A new study released today seems to have confirmed what most folks had already assumed re: digital music consumption. Thumbplay Music, a cloud-based music service that has both a desktop and mobile (iPhone/Android/BlackBerry) client, reveals that 70 percent of respondents have curtailed their peer-to-peer music sharing as a result of using Thumbplay Music. In other words, when exposed to a easy-to-use, working alternative people are more than happy to move away from less legal alternatives.
As I say in pretty much every music-related post these days: finally! Back in the day, when the iTunes Music Store first debuted (only on the Mac, remember), you’d see comments on tech sites along the lines of, “Why has it taken so long for something like this to come out?” No more having to troll early BitTorrent search engines for the latest album by Whomever.

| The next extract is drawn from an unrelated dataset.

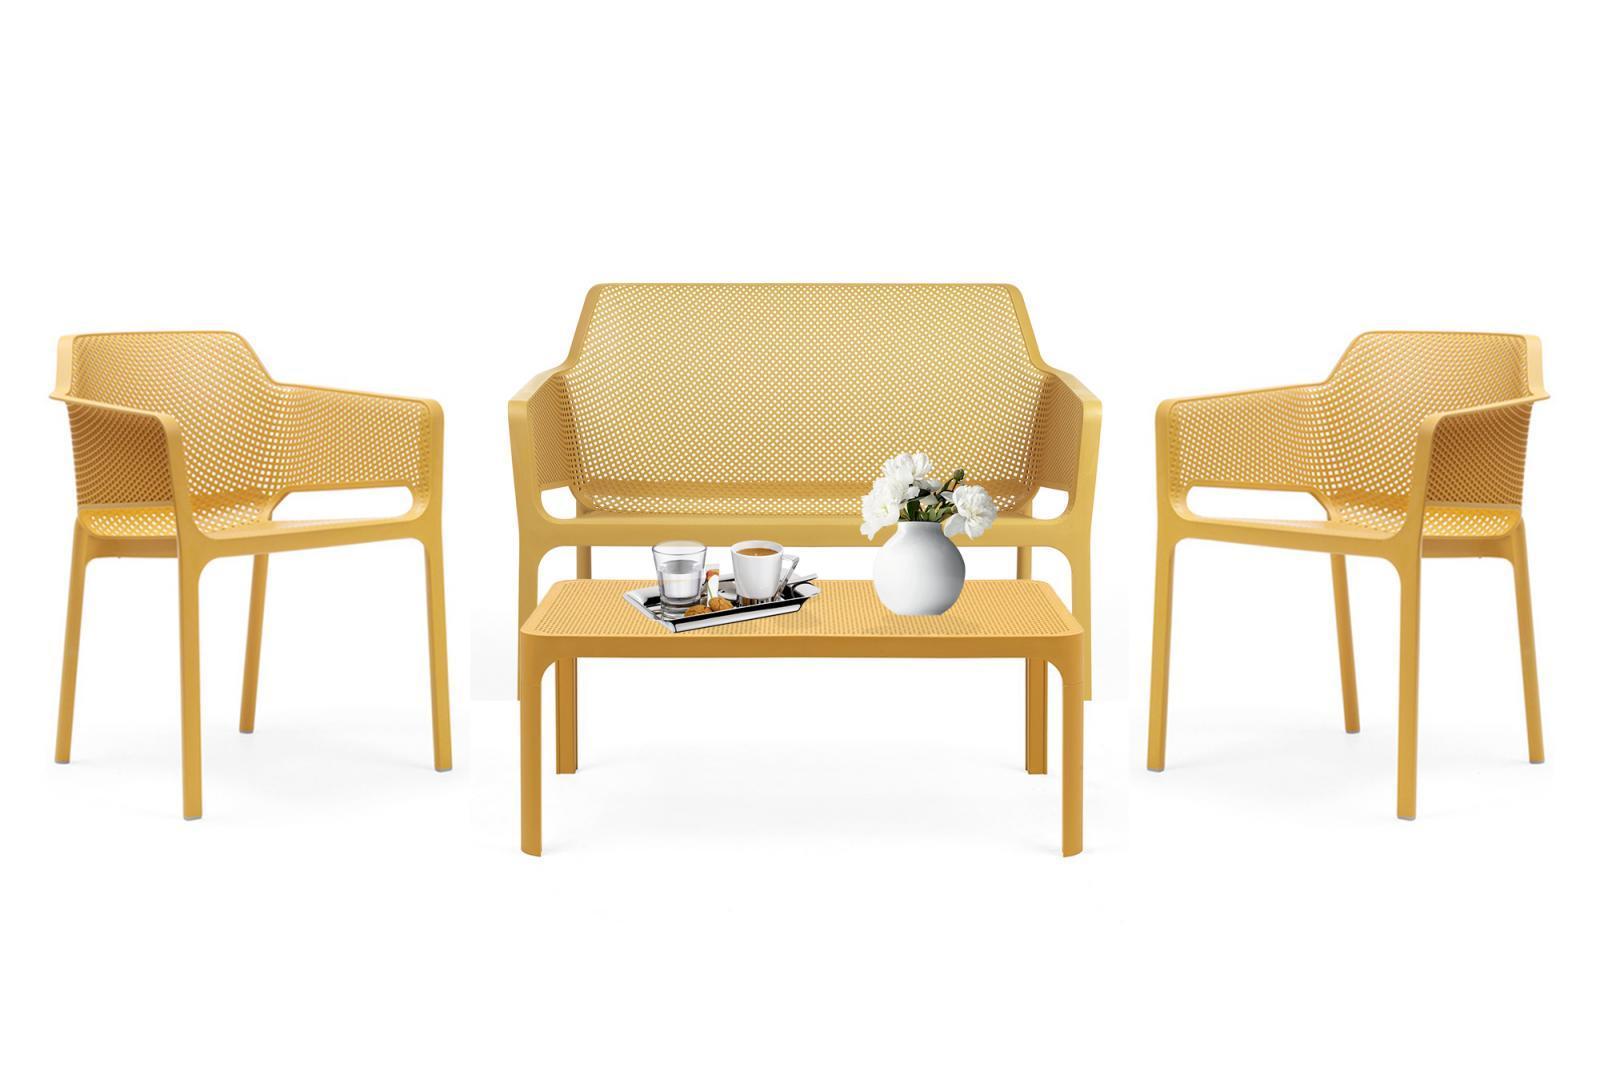 Комплект пластиковой мебели Net

And then we progressed beyond the à la carte download services to the new streaming models, where you could listen to anything (provided it’s in the catalogue) so long as you had an Internet connection. The proliferation of high-speed mobile networks only hastened this transition.
(And yes, I fully recognize that asking for a solid mobile connection may sometimes be asking too much, but this will only improve. Hopefully!)
Probably even better news for the music industry is that 18 percent of respondents said that Tumbplay Music had re-ignited their interest in music as a whole. A sort of, ”I’m-done-with-music-oh-wait-this-is-a-pretty-neat-service” kind of thing.
Which must be music to the industry’s ears.